The Chapel Down Winery is best reached by car, the public transport options are limited, and maybe unrealistic.

If coming via motorway, then my choice would be to leave the M20 at junction 8 and follow the signs for Tenterden. The vineyard is about 2.5 miles from there and clearly signposted.

A perfect vineyard location in Kent

Chapel Down nestled in the hamlet of New Hythe

Chapel Down vineyard is deep in the heart of the Kent countryside and located just outside Tenterden in the hamlet of Small Hythe. Is this important I hear you ask, well actually it is, as this was one of the reasons that this location was chosen.

Waaay back, prior to the “South of England Flood” in 1287, Small Hythe was a harbour and Tenterden was a Cinque Port, (now the sea is 11 miles away).

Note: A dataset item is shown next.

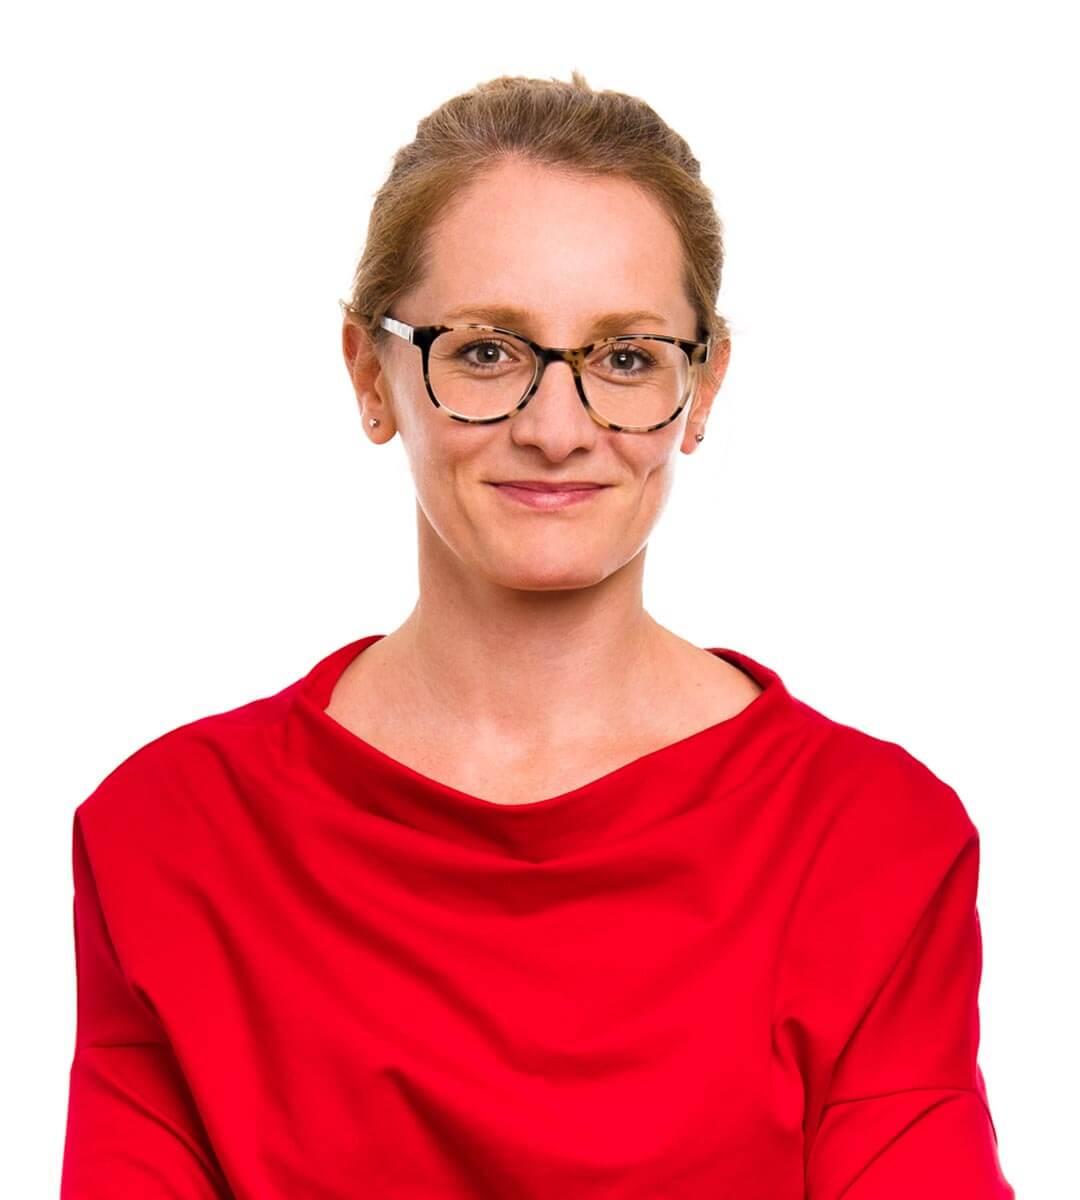 Anna Grabara
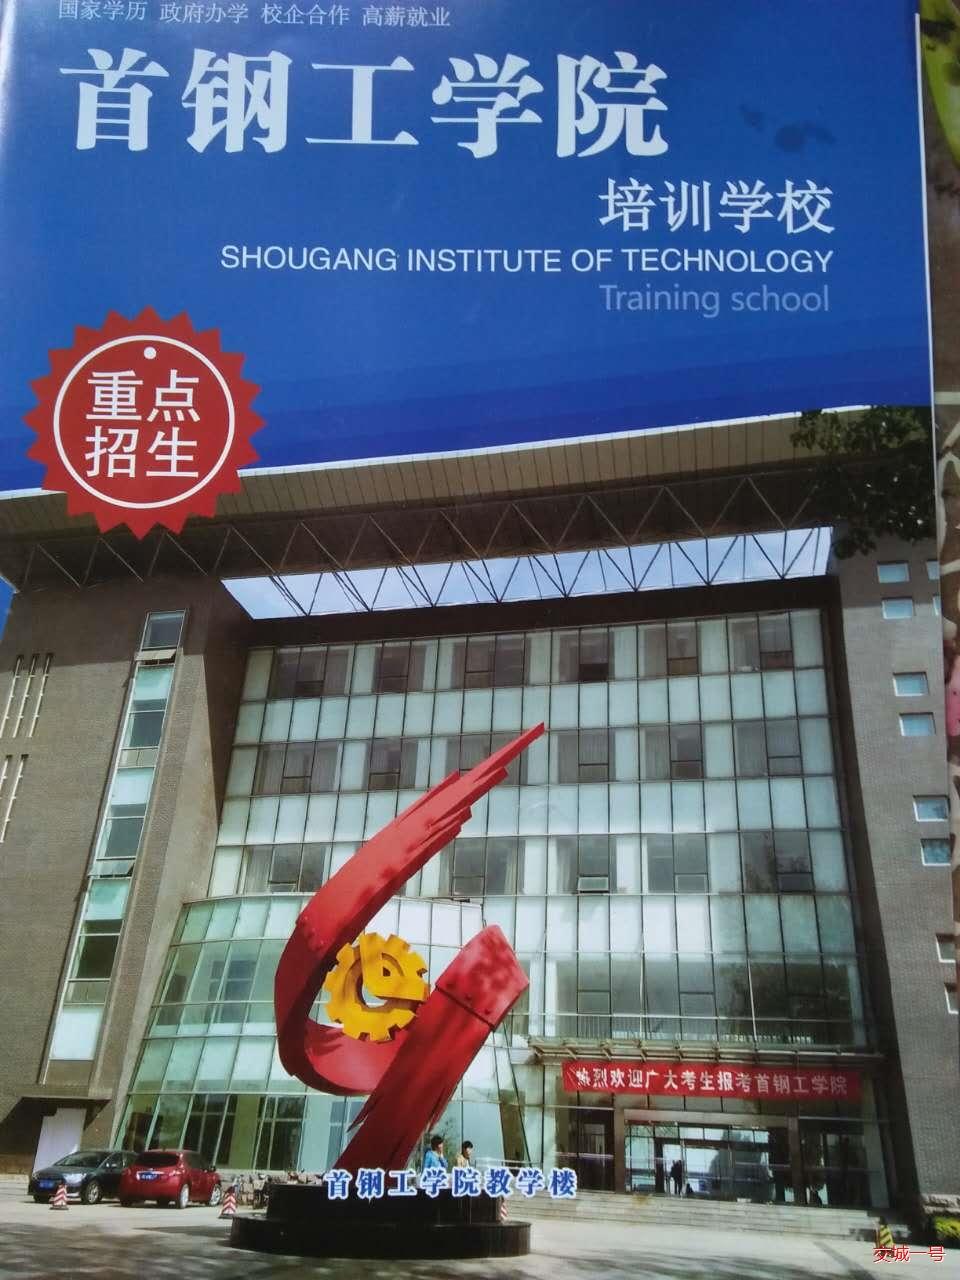 北京首钢工学院面向全国初高中生沙里v沙里,对高中全年塘图片

A view of the giant oak next to one of the plots in Chapel Down. This ones vines are producing the Bacchus variety.
Countryside in Small Hythe, Kent
Standing at the top of the vineyards, a breeze blows up across the Kent countryside from where the harbour was once located, sending the vines all aflutter. All the while, the outstretched talons underground weave their way deep through the chalky soil, another essential element that vines thrive upon.

Where to stay

- The Woolpack Hotel – Located in the centre of Tenterden, this historic inn offers delightful rooms within traditional surroundings. A delicious full English breakfast is included in the price.
- The White Lion – Situated along the traditional historic High Street, the White Lion offers stylish, comfortable rooms. It has an in-house restaurant and free on-site parking.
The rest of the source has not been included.